Built-in AI Security Is a Sensor, Not a Solution

OpenAI buying Promptfoo is genuinely good news for the industry. Embedding automated red-teaming directly into the platform raises the security floor for every application built on it. More model-layer testing, available to more developers, by default, that's a net positive. But the story that dominated this week tells a different tale. The McKinsey breach didn't happen at the model layer. There was no jailbreak. No prompt injection against the LLM. The vulnerability was exposed API documentation, 22 unauthenticated endpoints, and a SQL injection hidden in JSON key names. An AI agent found it in two hours, but a human pentester with a weekend could have done the same.
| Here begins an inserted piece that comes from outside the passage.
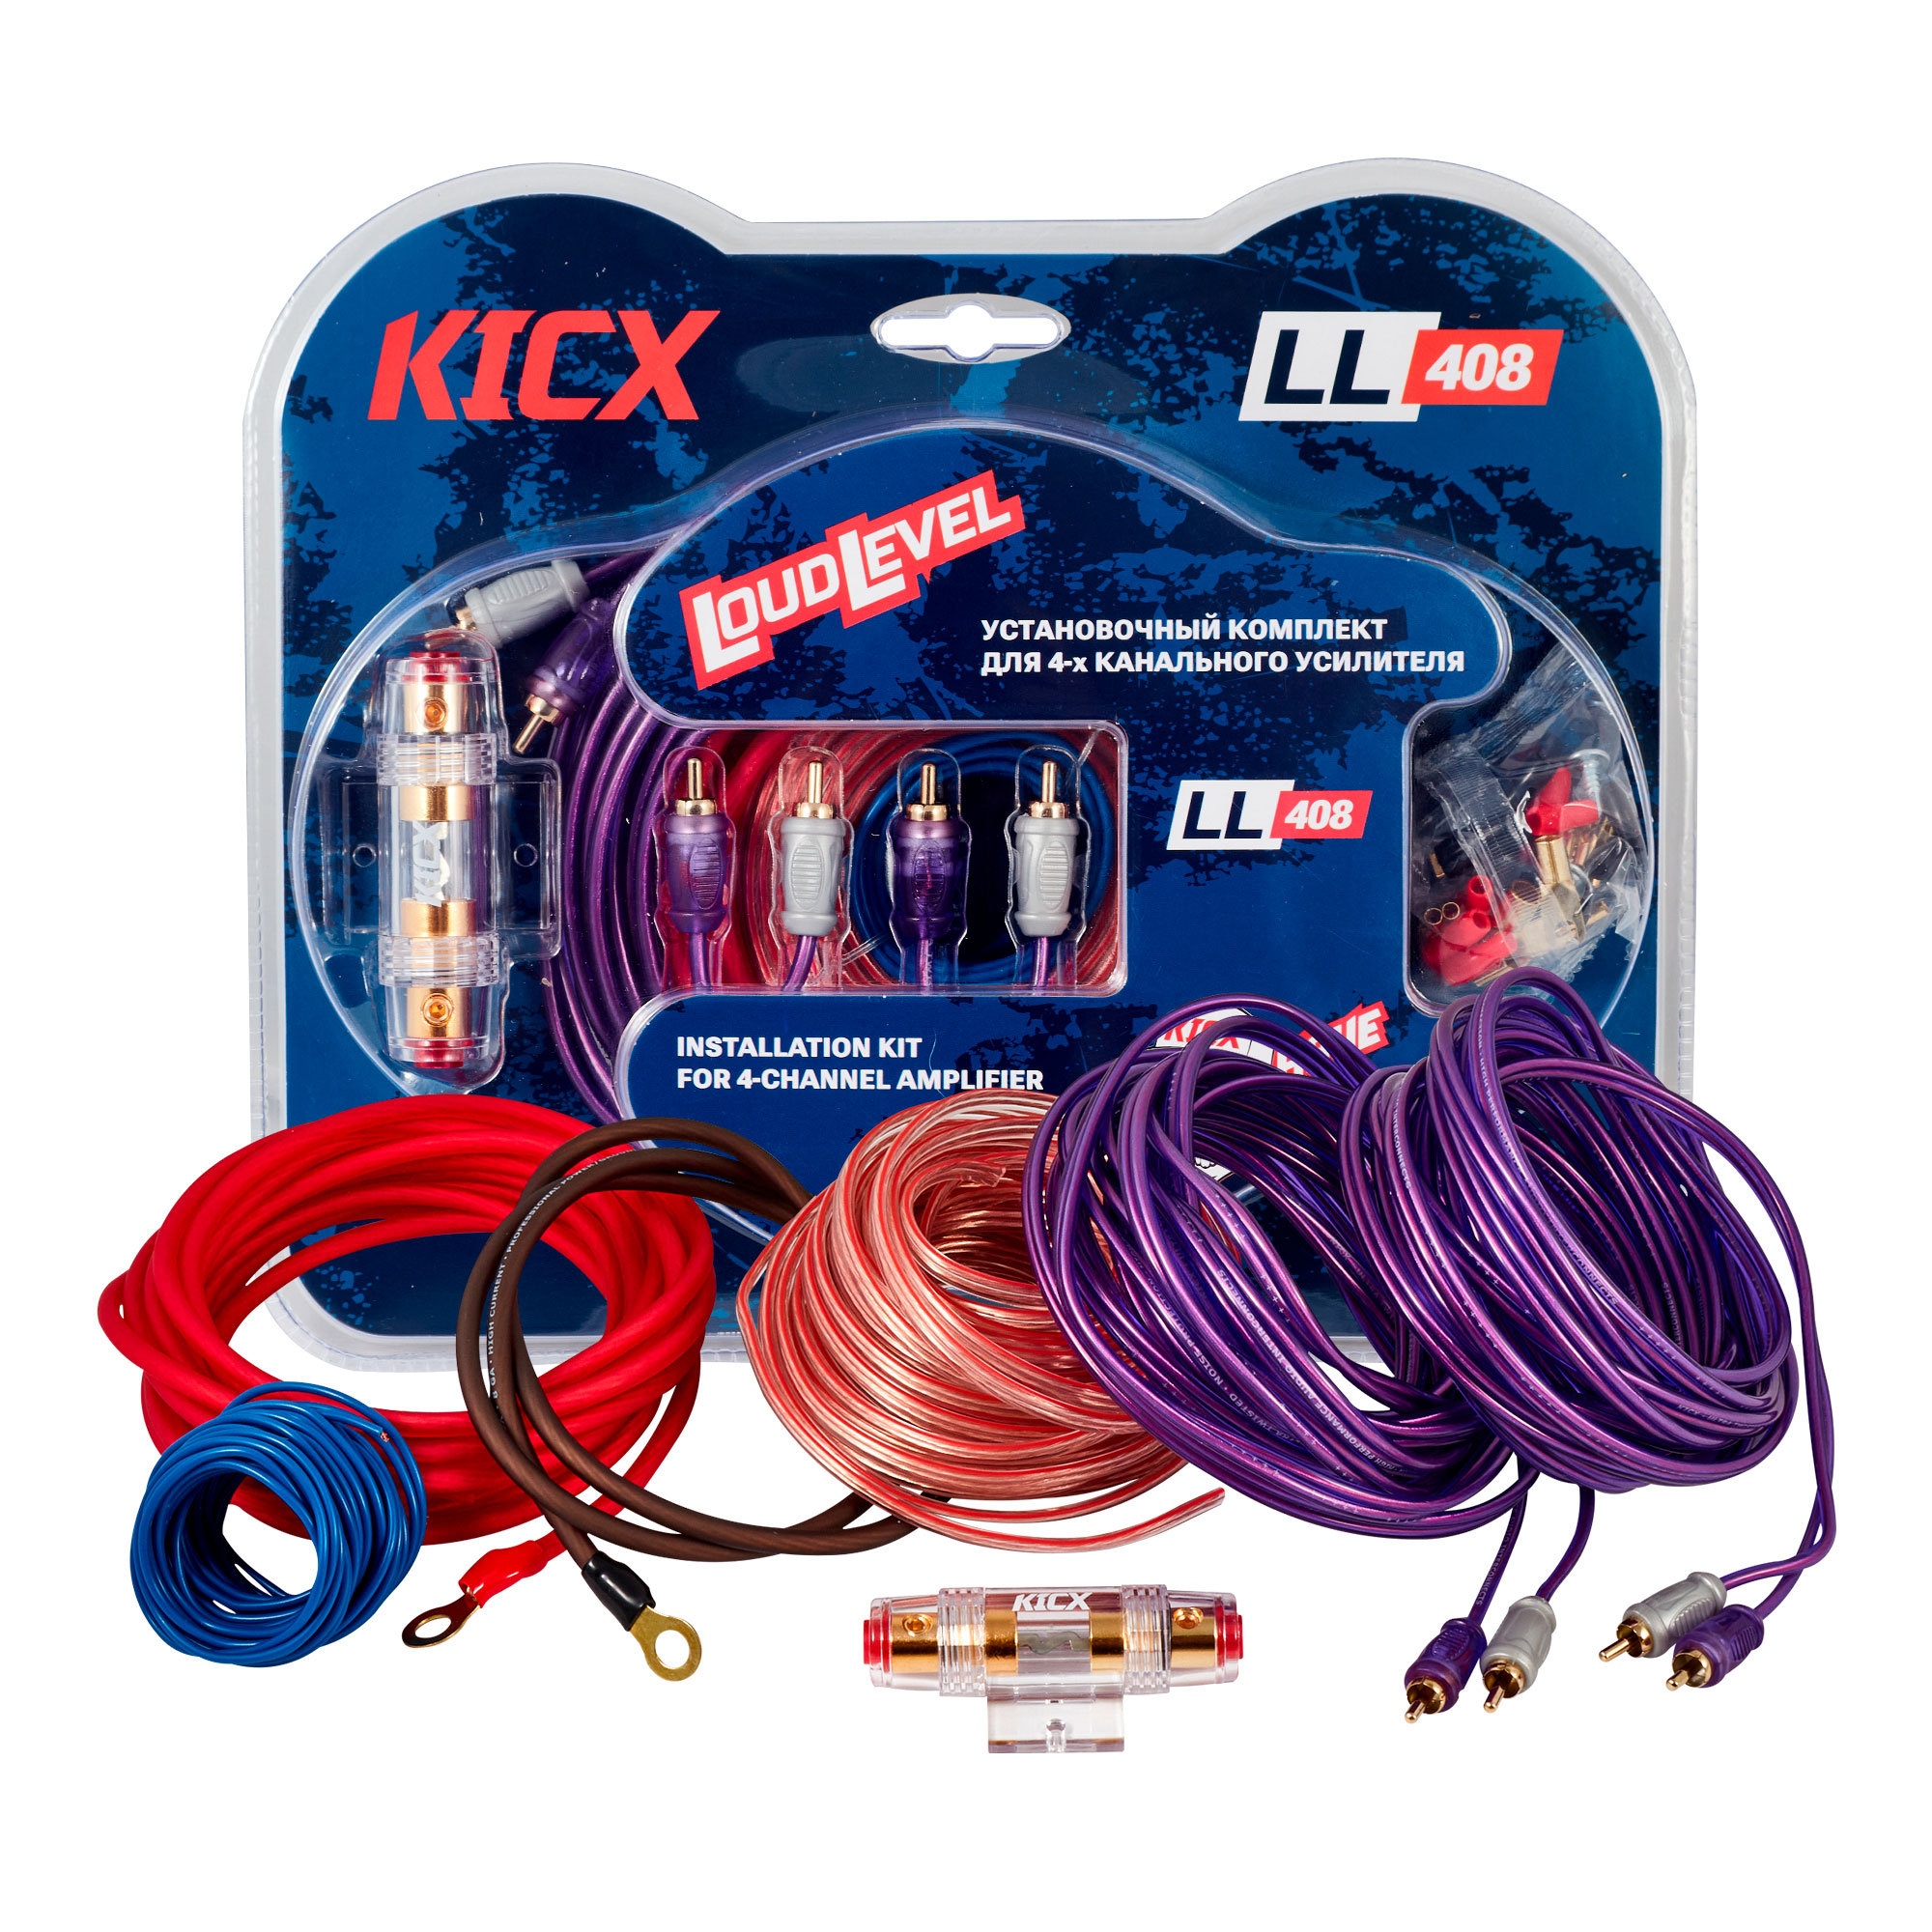 Kicx Kicx LL 408
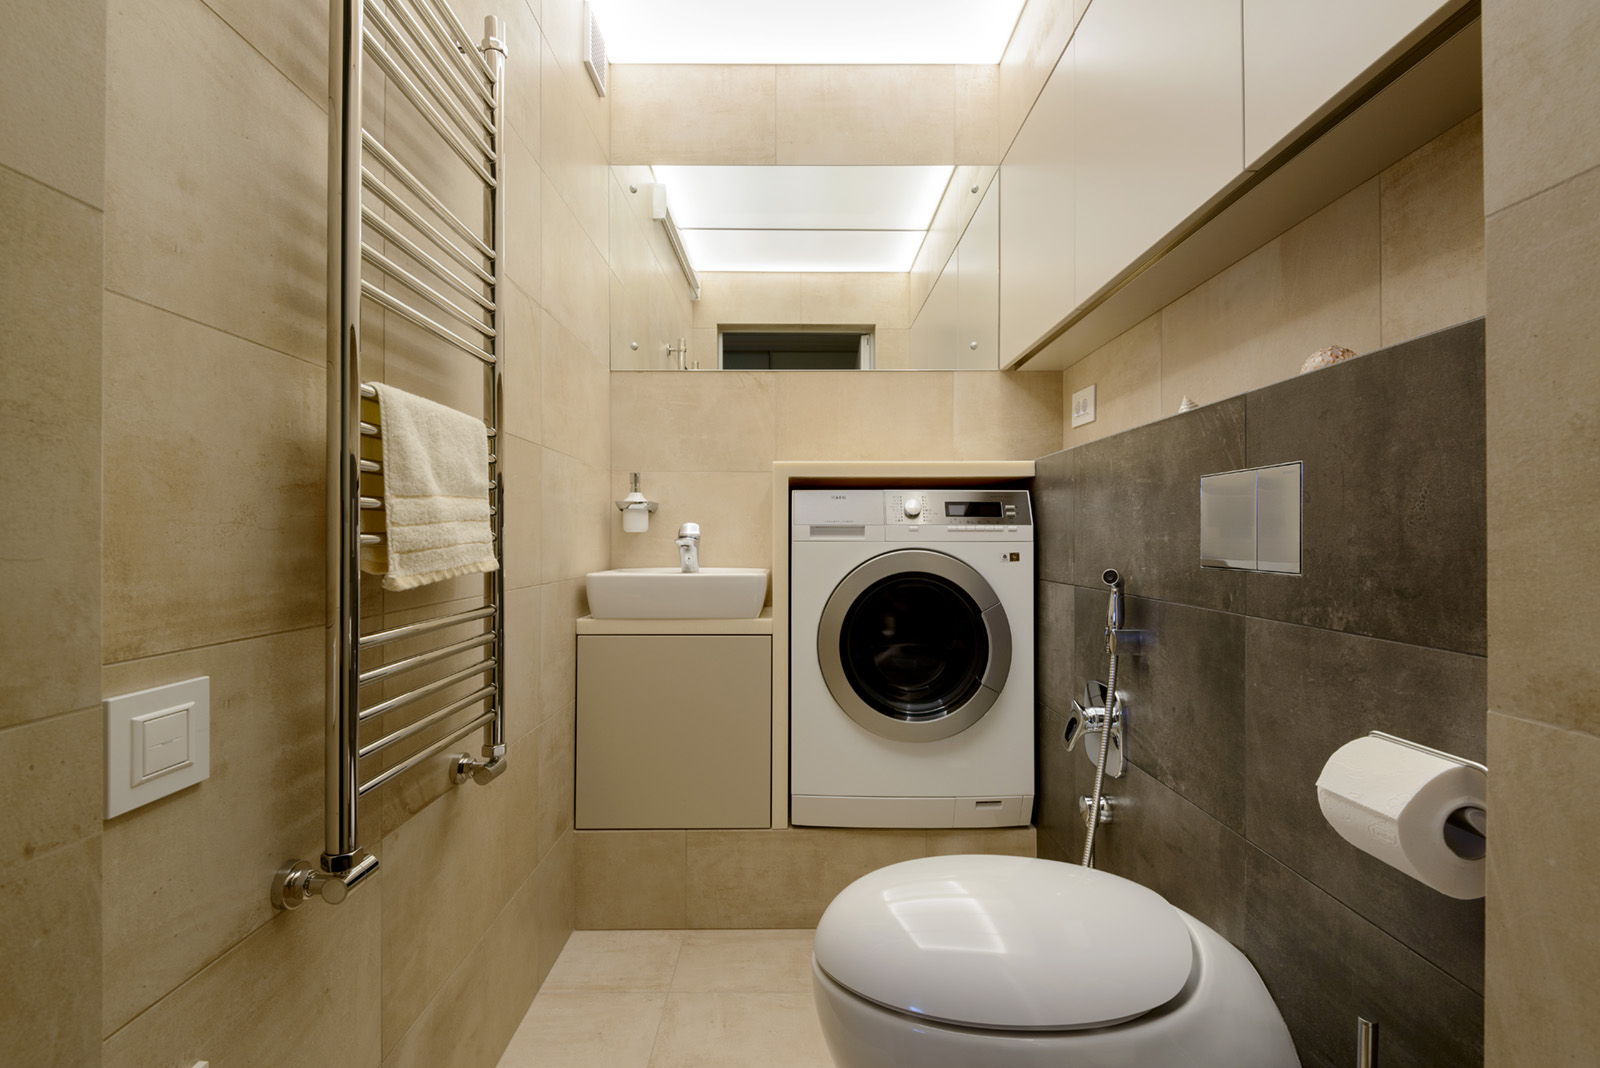 Thiết kế phòng với máy giặt sẽ giúp tối ưu hóa không gian phòng của bạn một cách tiện lợi và hiệu quả. Bạn có thể đặt máy giặt trong khoang, tủ hoặc thậm chí là trên tường để tiết kiệm không gian và quản lý các công việc giặt là của mình một cách dễ dàng.

And the most dangerous finding, 95 writable system prompts, sits at the intersection of infrastructure and AI: a configuration management failure that could have silently corrupted every answer the platform delivered. Promptfoo wouldn't have caught this. No model-layer testing would. The breach happened in the deployment infrastructure, the APIs, the databases, the access controls, the system prompt management. This is the pattern I keep coming back to: built-in AI security is a welcome addition, but treating it as "done" is like treating EDR as your entire security program. EDR is essential. It's also one sensor in a stack that includes identity, network, posture, data protection, and more. The same is true for model-layer security. It's one signal in a much bigger picture. Securing AI means seeing across the full stack, model, infrastructure, data, identity, integrations, not just the layer your provider happens to own.